As for the laws already on the books, they can be conveniently forgotten. Reports go unfiled, deadlines are missed, budgets aren't submitted despite what the law "mandates," and extra-constitutional measures taken. (See the recess appointments just declared unconstitutional by an appellate court.)

Fiscal realities are ignored by official decree, and the day of reckoning put off for ever and ever. We're supposed to believe it'll never come. Happy times are here again. For a while, anyway.

We are all about to be inundated by this era's Wave of the Future. The undercurrent already tugs at our feet as Obamacare goes into muddy effect in state after state.
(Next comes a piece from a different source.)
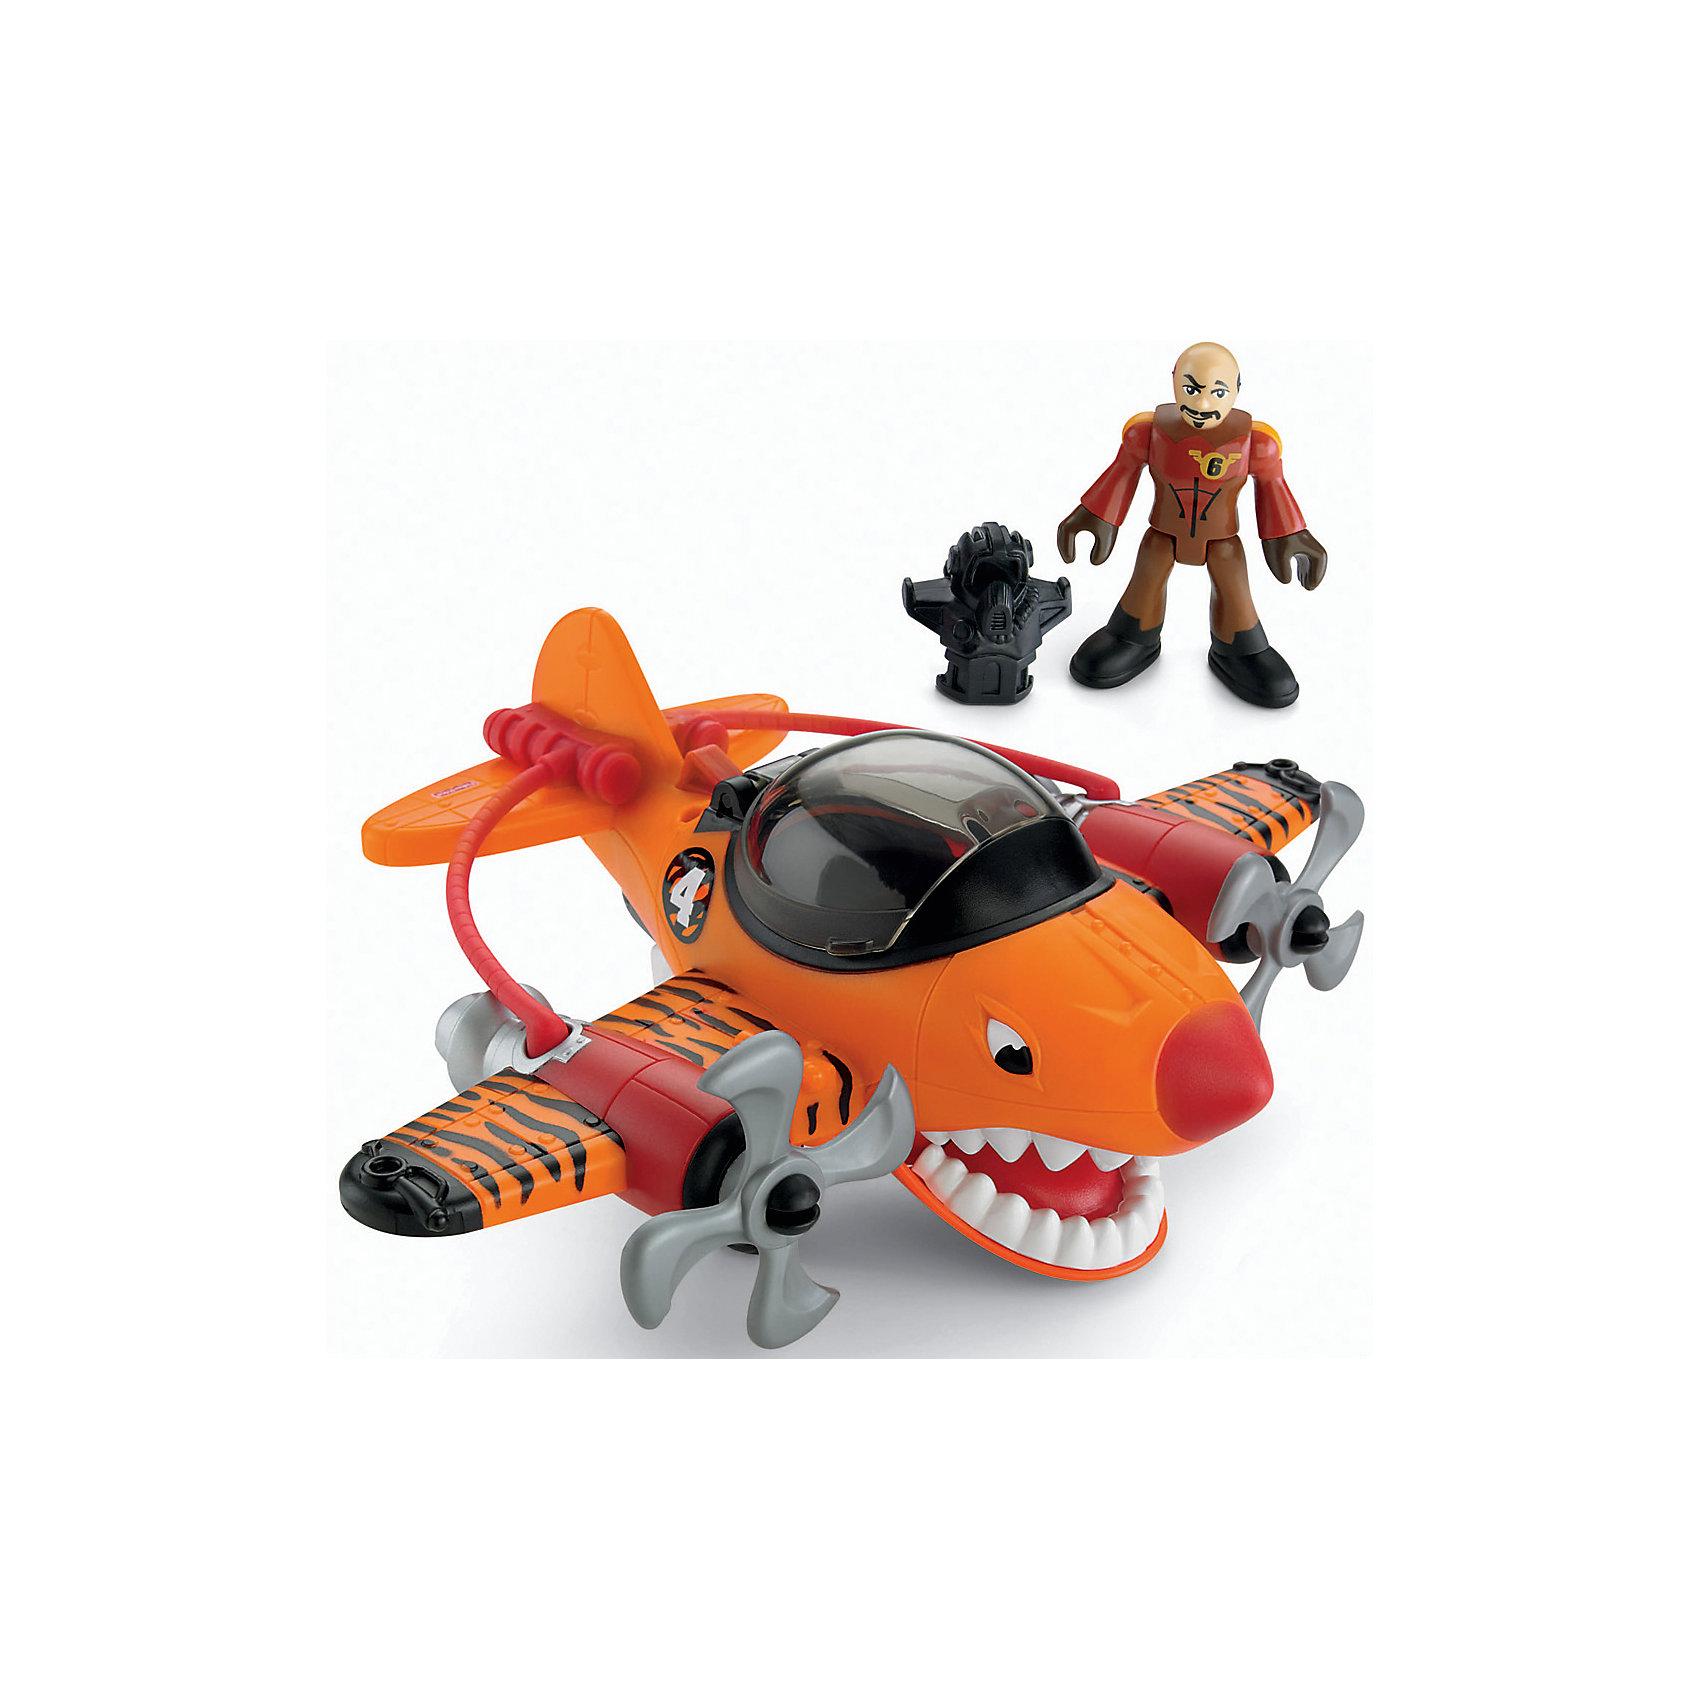 Mattel Летательный аппарат Тигровая акула, Imaginext, Fisher Price игровые наборы fisher price mattel игровой набор парящий фрегат

Arbitrary rule by distant functionaries spreads, and the rule of law grows weaker.

Resistance is futile, conservatives are told -- repeatedly. Shut up, they explain. For we lost, didn't we? And it's winning that counts. It's not just the most important thing but the only thing. Call it the Vince Lombardization of the American ethos. "Loser" seems to have become the most damning, the most irreversible word in the American vocabulary.

It shouldn't be. Losing is a great opportunity -- to reassess a philosophy's strengths and weaknesses, and realize which are which. Some conservative tendencies are essential and others expendable, even harmful. Defeat clarifies such differences in a way triumph never could. Especially the difference between the high road and the wrong turn.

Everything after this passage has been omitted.